Henry, welcome to our course, and, yes, Happy New Year! I look forward to working with you. Here are some thoughts about outsourcing.
Last fall, I heard the VP of Johnson Controls at a conference in Milwaukee, Wisconsin. He said, "We locate production where we can find a quality workforce, which has hard skills and a work ethic."
He did not say his company located production because of taxes, wages, benefits, infrastructure like roads, or finances. He said his company locates production because of the workforce, its quality as measured in terms of "hard skills" and an equally "hard" work ethic.
As Peter F. Drucker argued, "Plan the people first, and the people will plan the business." In the Knowledge Economy, people, not physical plant, drive enterprises. To have a winning business you must have winning people.

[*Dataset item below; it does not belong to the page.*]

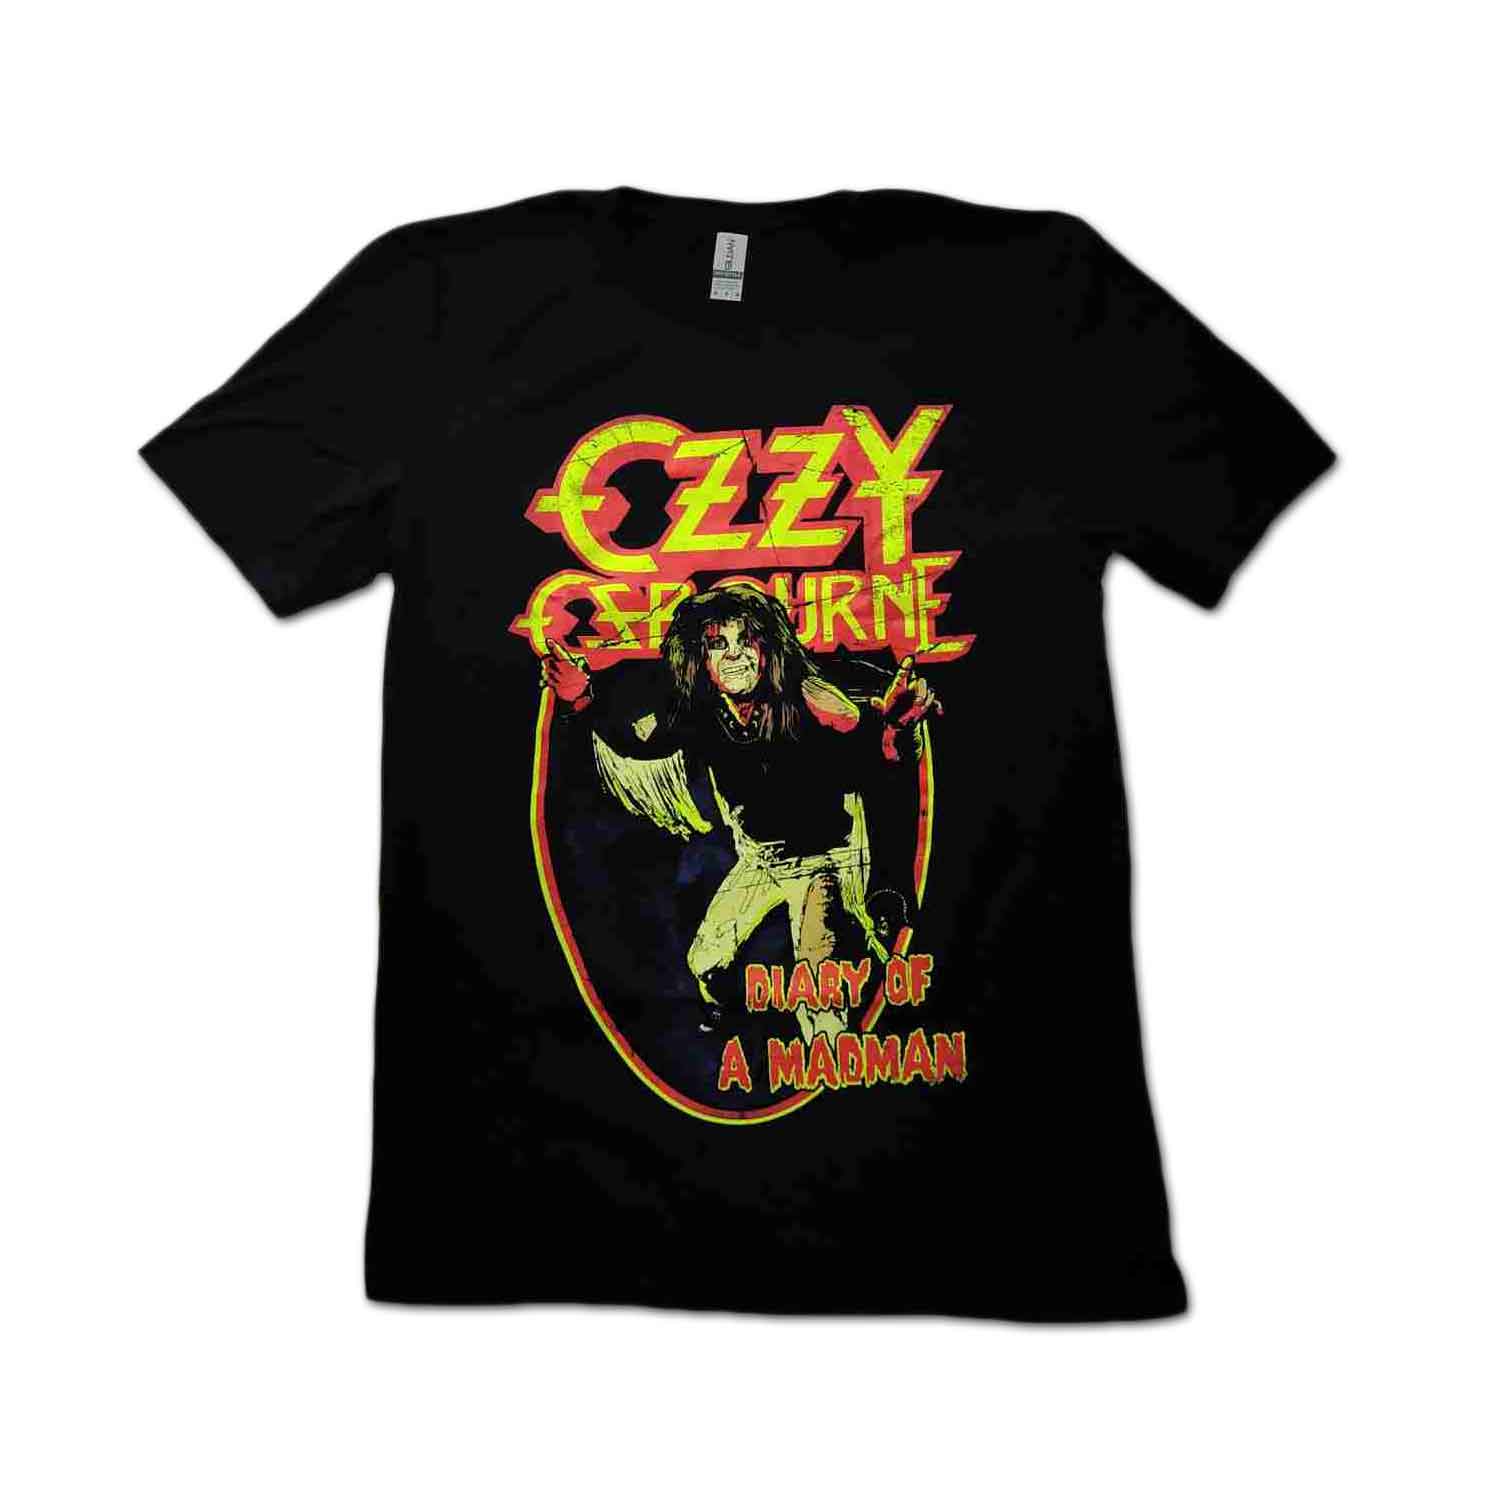 Ozzy Osbourne Tシャツ オジー・オズボーン Diary Of A Madman

Sadly, as Peter Drucker points out in his last book, 2004, the U.S. now requires business to spend 25% of its budget for management on affirmative action compliance. Other countries do not impose the cost of "social engineering" on its businesses; this reduces their operational costs.
Moreover, they do not hire on the basis of "diversity" or some other quota. Instead, they hire people who have hard skills and an equally hard work ethic.
In short, nobody talks about the poor quality of the American workforce today. We like to think low wages drive economic decisions. Hard skills and an equally hard work ethic drive economic decisions today; nobody is willing to explore this in detail.
In other words, if you want to stop outsourcing, look at yourself. Are you worth what you think you are in the marketplace? How do we restore standards to education, yes, this is a matter of education, that demand hard skills and a hard work ethic?
The time for letting psycho-babble run our K-12 school systems and "social promotion" at all levels for tuition is coming to an end. Outsourcing in fact is a mirror on American education, top to bottom.
You may not be popular if you pursue this topic; it is begging for somebody to research it "good and hard."